Hybrid modeling overcomes these limitations by using physics-informed constraints, embedding known physical equations into machine learning models, or combining the outputs of both approaches. The goal is to create models that are more accurate and robust, especially in cases with limited data or imperfect physical models. By fusing physics with data-driven methods, hybrid models can handle sparse data, correct ML predictions that violate physical laws, and produce interpretable results across a wide range of applications.

Q: How can we make our simulations run faster?

We can replace the calutation of u with an emulator. The emulator will take as input the state of the medium (glacier thickness, slope of glacier, etc) and will calucate the velocity field (u) for the corresponding time step.
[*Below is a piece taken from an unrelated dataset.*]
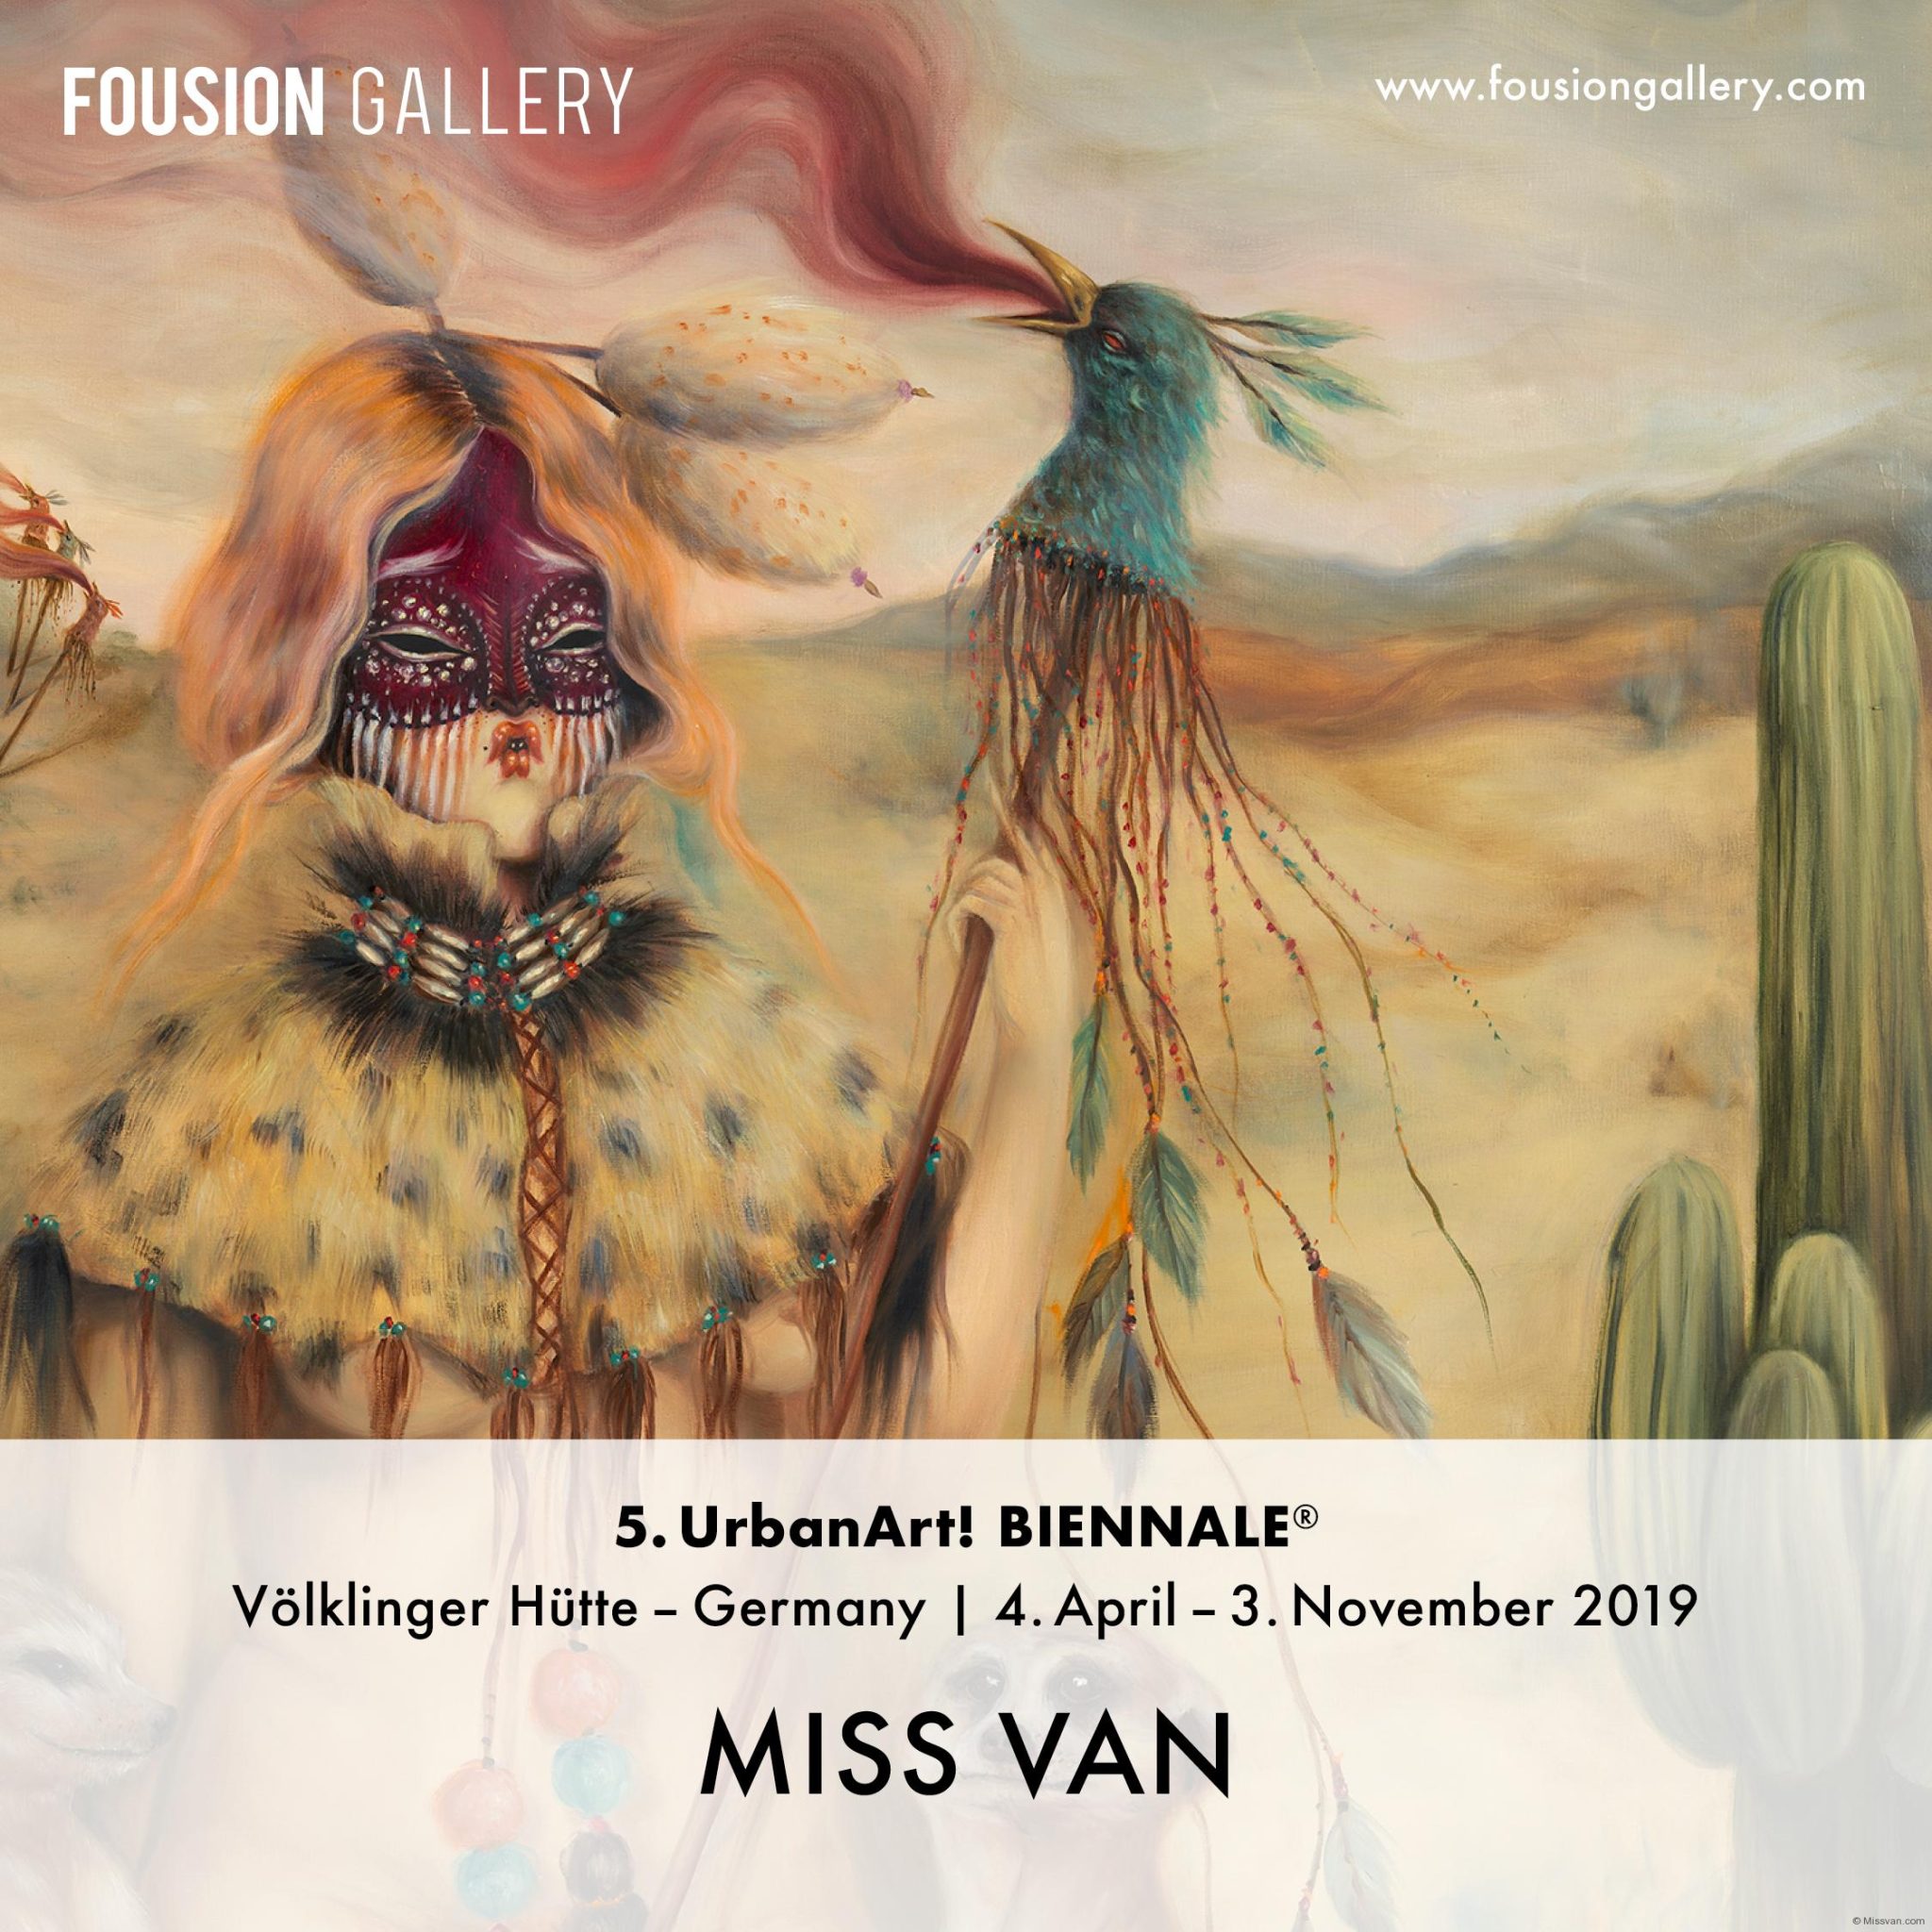 UrbanArt Biennale 2019 - Fousion Gallery - Miss Van

11.5.2.1. Emulating Ice Flow with Machine Learning#

The Instructed Glacier Model (IGM) introduces a convolutional neural network (CNN) to predict ice flow, trained using data from traditional models such as hybrid SIA+SSA or Stokes models. The advantage of this approach is that it substitutes the computationally expensive ice flow component with a much faster emulator. This enables simulations that are up to 1000 times faster, with a fidelity of over 90%.
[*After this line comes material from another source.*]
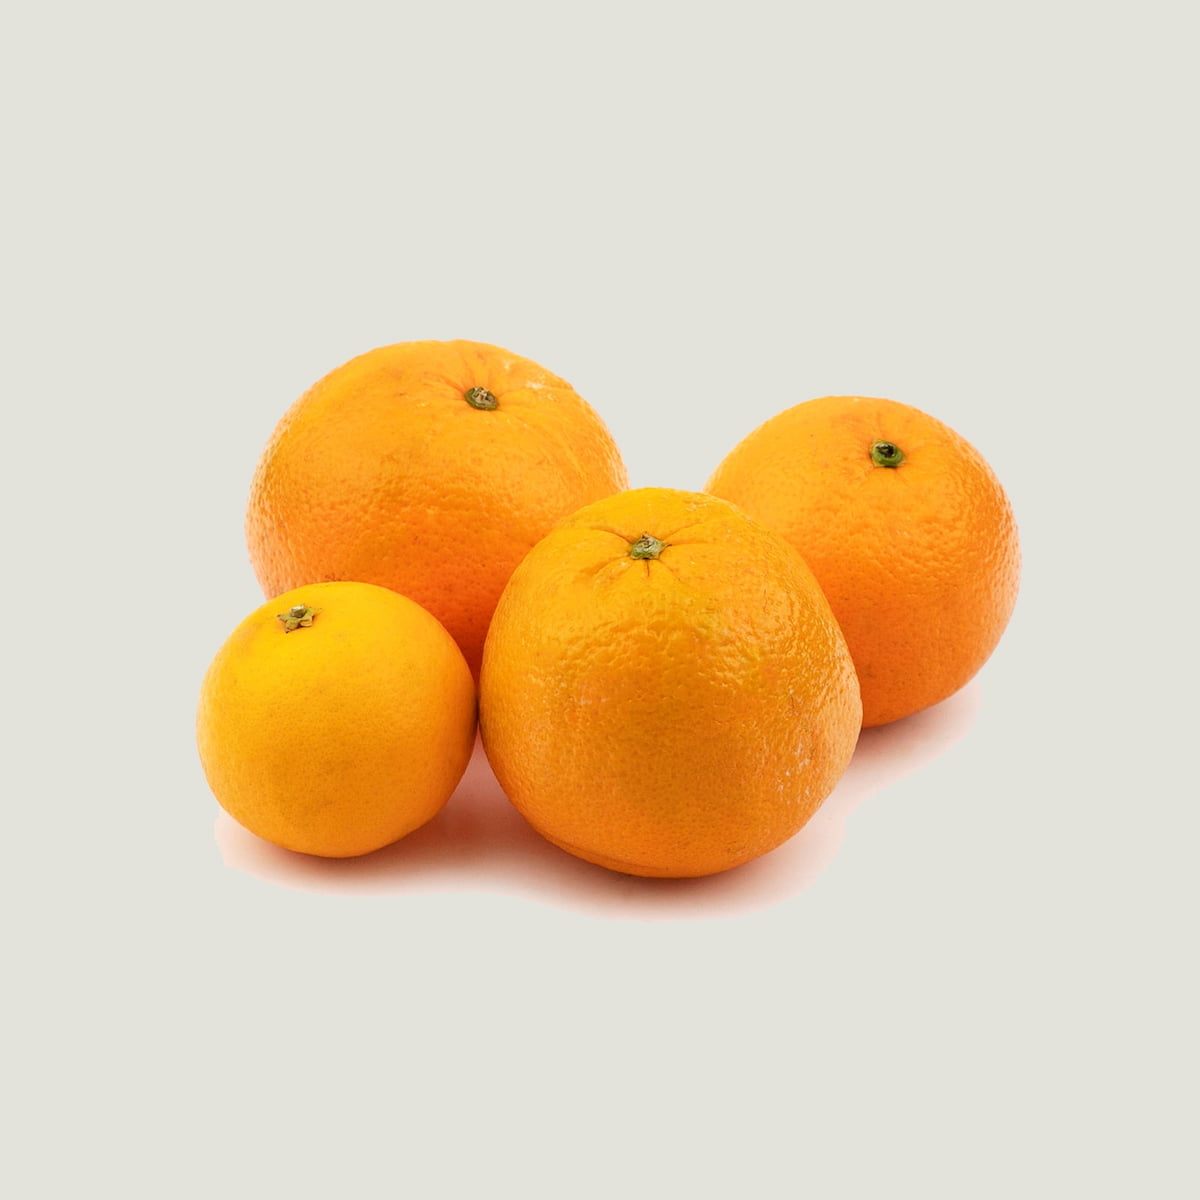 پرتقال کوچک شمالی

11.5.2.1.1. Overview of the Machine Learning Approach#

A simple version of the IGM could be built by the following steps:

  1. Input Variables: The ML model takes ice thickness and surface slope gradients as inputs \(\{ h(x,y), \frac{\partial s}{\partial x},\frac{\partial s}{\partial y}\}\).

  2. Training: A convolutional neural network (CNN) is trained using a dataset generated from high-order glacier flow models.

  3. Prediction: Once trained, the emulator predicts the vertically averaged ice flow from the input variables u(u,v).

The input and output fields are 2 D grid rasters:

\( \R^{N_x \times N_y \times 3} \rightarrow \R^{N_x \times N_y \times 2} , \)

Q: what is another advantage of the hybrid model (except making faster models)?

Hybrid models can help in theory-poor domains where we do not have known equation that govern system dynamics. However, we should have enough data and be sure to make this model generalizable. A pitfall, when we dont have enough data and are not carefull, could be to overfitting

11.5.2.1.2. Necessary funcitons you do not need to know#

#@markdown Test

# Function to load NetCDF files

def load_from_pooch(file):
    nc_file = xr.open_dataset(file)
    return nc_file


# Function to scale the field based on 90th percentile of its maximum
def scale_field(field):
    max_90th_percentile = np.percentile(field.max(axis=(1, 2)), 90)
    return field / max_90th_percentile

# Function to augment the data by flipping and adding noise
def augment_data(inputs, outputs):
    aug_inputs, aug_outputs = [], []

    for inp, out in zip(inputs, outputs):
        # Original data
        aug_inputs.append(inp)
        aug_outputs.append(out)

        # Horizontal flip
        aug_inputs.append(np.flip(inp, axis=2))  # Flip along x-axis
        aug_outputs.append(np.flip(out, axis=2))

        # Vertical flip
        aug_inputs.append(np.flip(inp, axis=1))  # Flip along y-axis
        aug_outputs.append(np.flip(out, axis=1))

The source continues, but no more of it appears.